The purpose of Christ’s self-emptying silence — his meekness faced with ferocious hostility — is to create space for God to act. This kind of silence involves a deliberate choice not to respond with an intellectual or reasoned self-defence, which in a context of confusion, of claims and counter-claims and half-truths, simply fuels the cycle of hysterical accusation and counter-accusation. It is a spiritual strategy to force the spirits behind the attack to reveal themselves.
To ‘make space for God’ can only be done in the way that Jesus himself taught: through the kenosis (self-emptying) described in St Ignatius’s ‘third kind of humility’ (Spiritual Exercises§167): ‘I want and choose poverty with Christ poor rather than wealth, and humiliations with Christ humiliated rather than fame …’
The effect of this humility, Bergoglio notes in ‘Silence and Word’, is to provoke an increase in the ferocity, because people are attacked more when they are weak. (Thus, he points out, Jesus wasn’t ferociously attacked while he was seen as strong — when people followed him, and believed in him — but only after he had been ‘weakened’ in the sight of others by betrayal.)

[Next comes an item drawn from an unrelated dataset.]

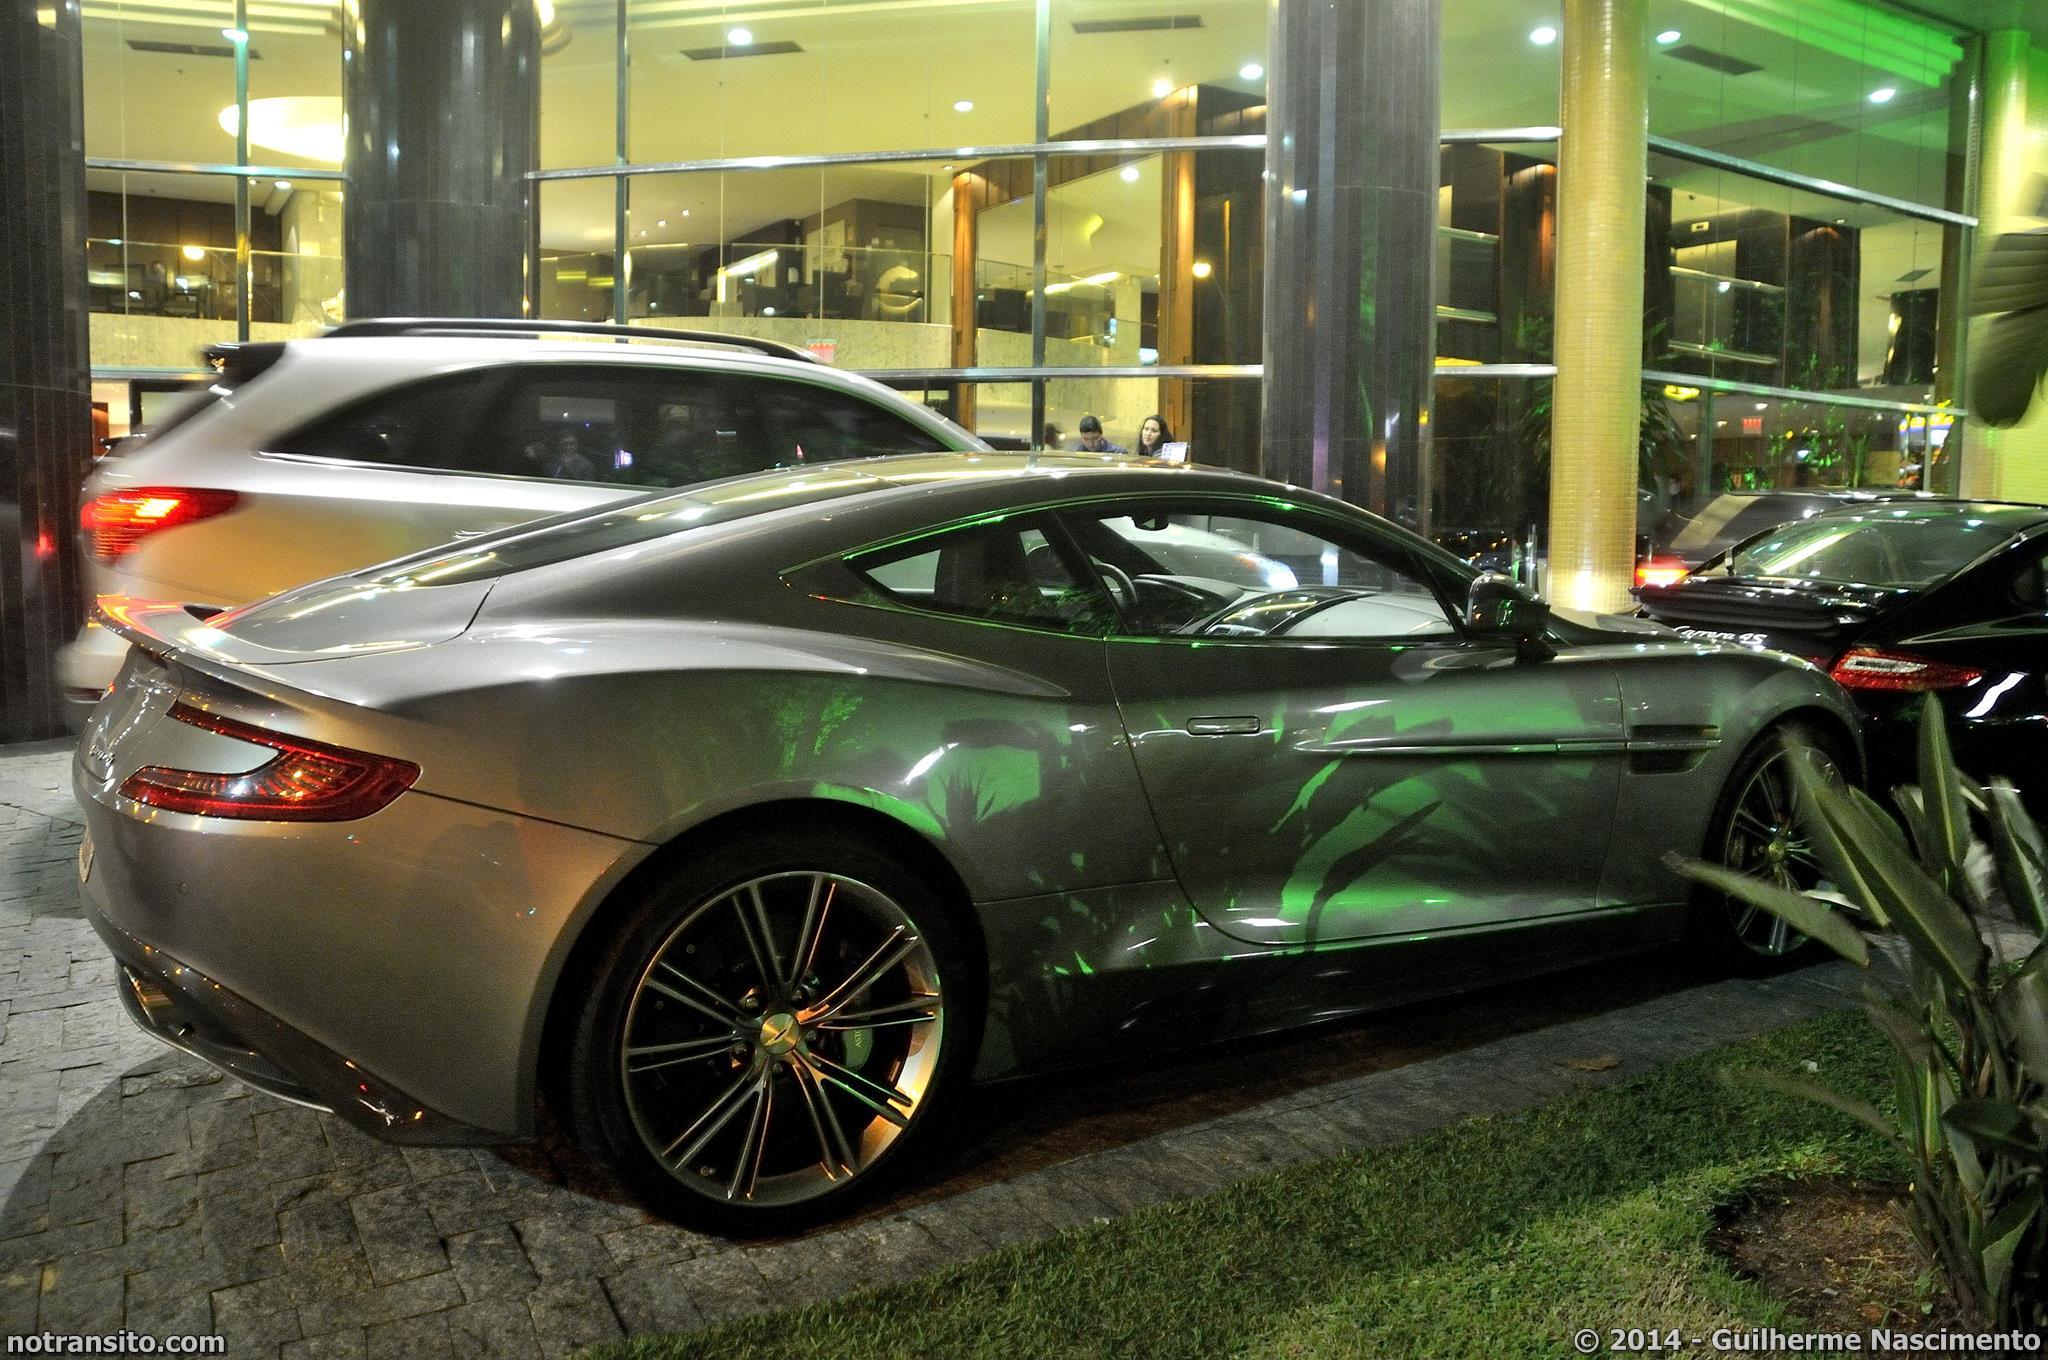 Aston Martin Vanquish, Second Generation Vanquish, Tungsten Silver, Majestic Hotel Florianópolis

Gradually, the rage will begin to focus on a single person. ‘At the root of all ferocious attack is the need for people to offload their own guilt and limitations’, notes Bergoglio, adding that Jesus, as a living reproach, is scapegoated: ‘all the evils are offloaded onto the person we are ferociously attacking’.

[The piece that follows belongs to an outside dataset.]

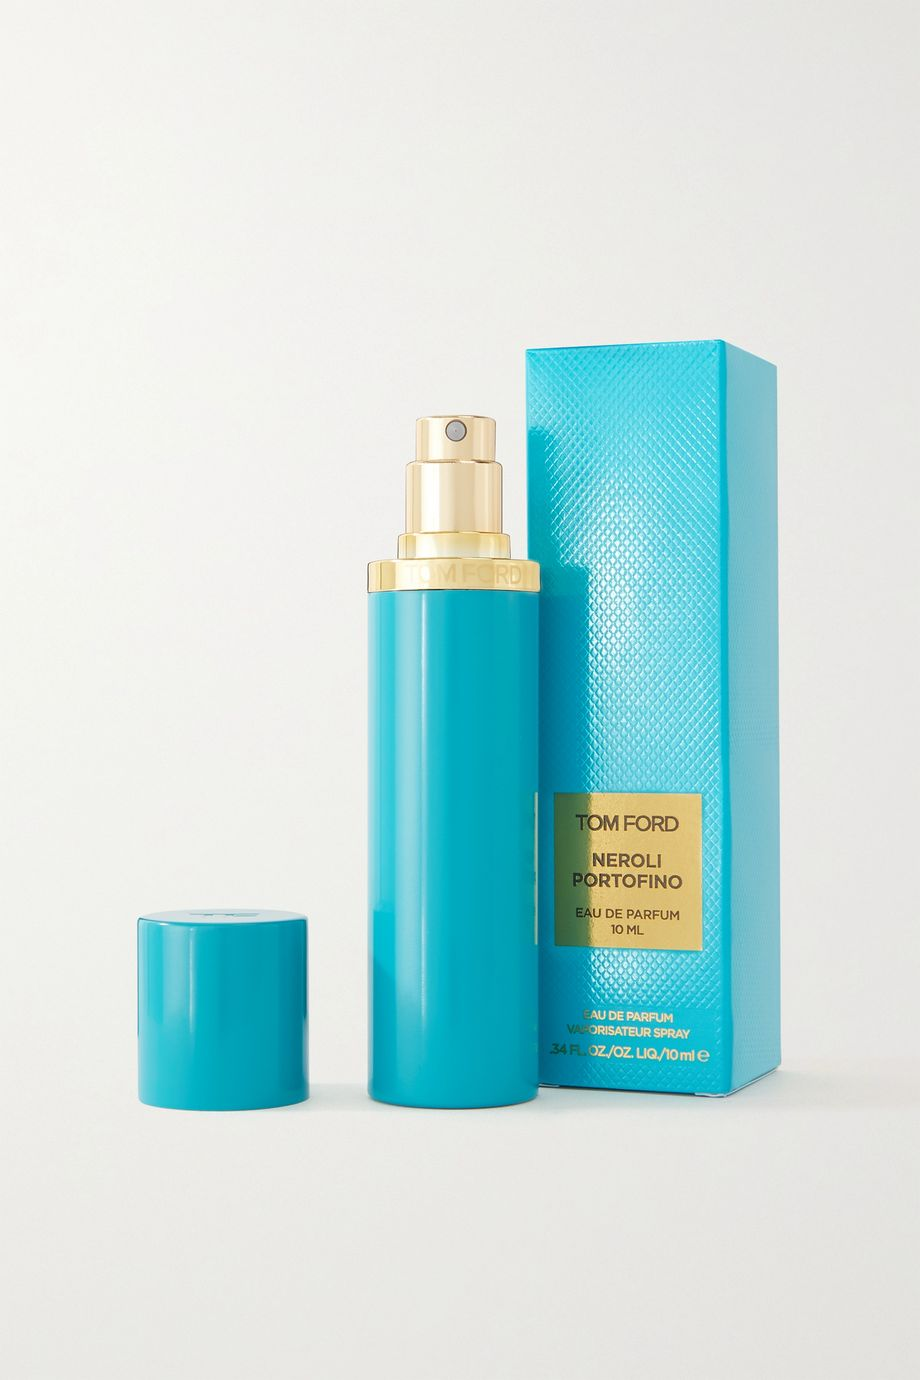 TOM FORD BEAUTY Neroli Portofino Eau de Parfum, 10ml

As Jesus is steadily weakened — the disciples flee, Peter denies him, and he is left alone on the Cross — the devil reveals himself, believing that he has won. Christ’s weakness is the bait he swallows. Bergoglio writes:
In moments of darkness and great tribulation, when the knots and the tangles cannot be untangled or straightened out, nor things be clarified, then we have to be silent. The meekness of silence will show us to be even weaker, and so it will be the devil who, emboldened, comes into the light, and shows us his true intentions, no longer disguised as an angel but unmasked.

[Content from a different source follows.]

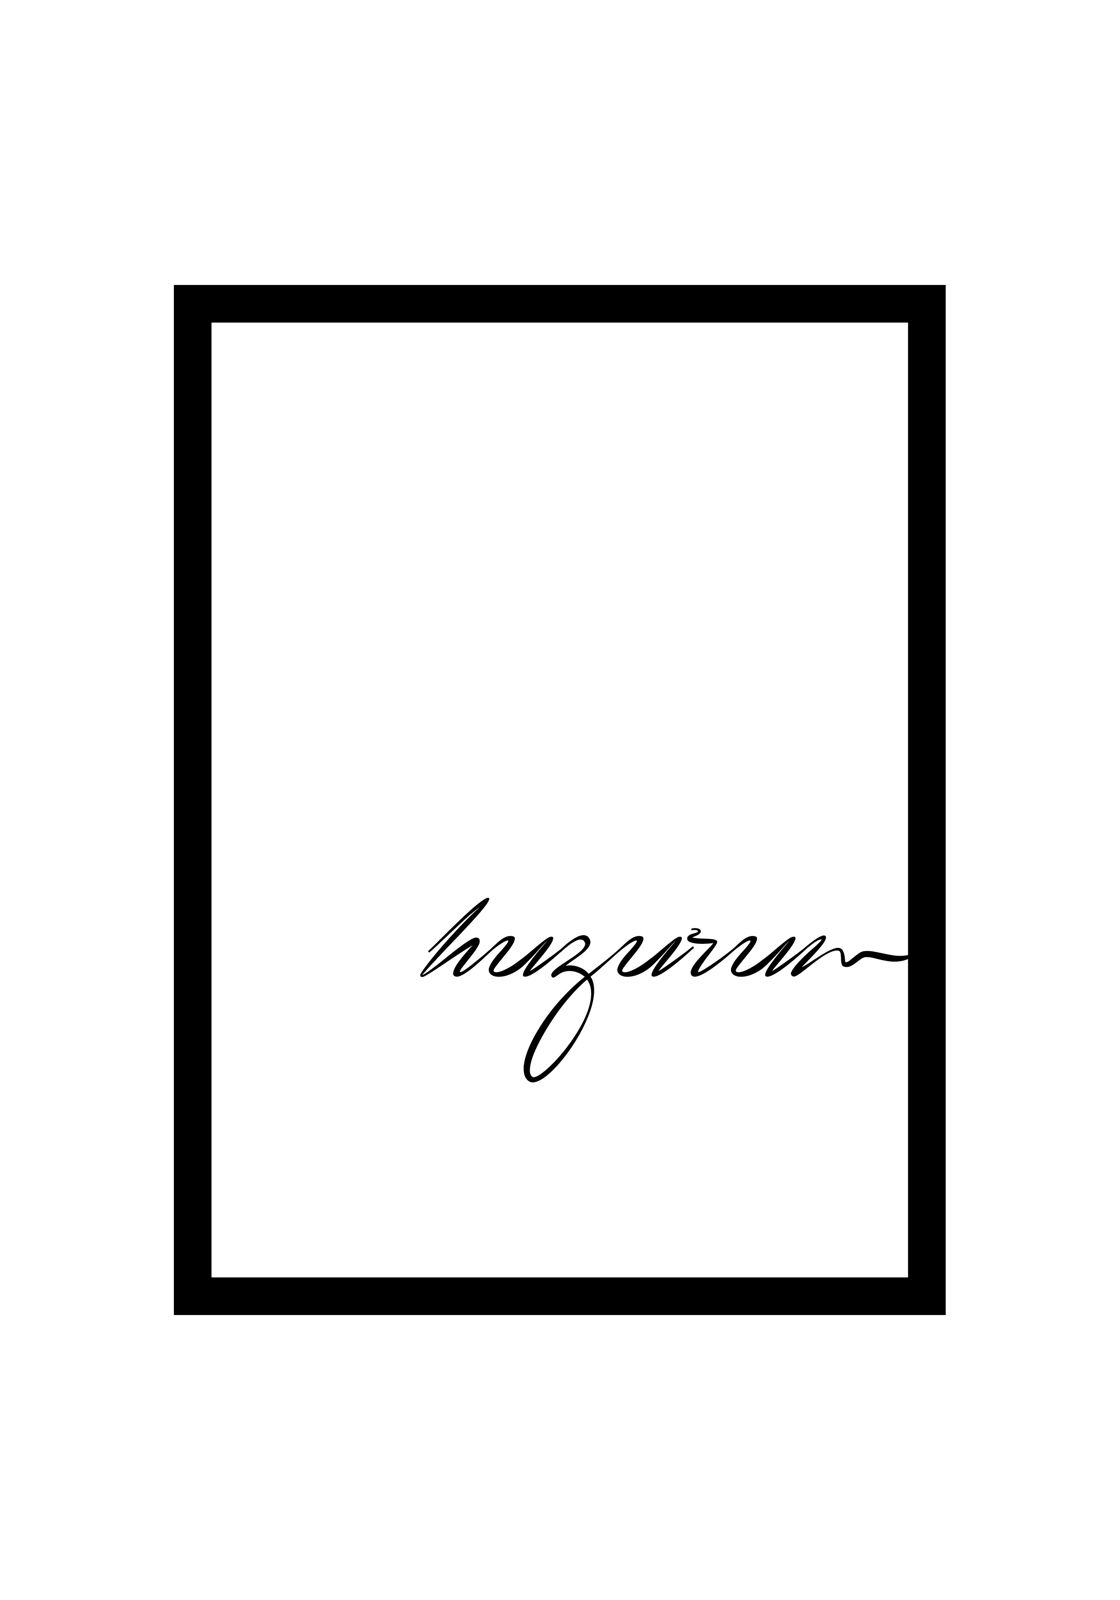 huzurum_opt

In such circumstances, says Bergoglio — ‘in times of spiritual turbulence, when God wishes Himself to fight’ — our role is ‘to remain under the cloak of the Holy Mother of God’. Above all, one must resist the temptation to enter the ‘civil wars’ — las internas — because any excuse will be taken to see the other as enemy, to provoke a furious response, and to divide the world into good (us) and bad (them).
‘The work of salvation consists of affirming the choice that God has made of us in Christ, and to affirm it over any enmity,’ Bergoglio writes. It is this choice ‘to reaffirm the maternal presence of the Church in the figure of Mary following the Ascension of the Lord’ that allows us to live in the holy tension between the memory of the Cross and the promise of resurrection.
Could it be that behind Francis’ silence is not guilt or evasion, but hope?
Dr Austen Ivereigh is author of The Great Reformer: Francis and the making of a radical pope.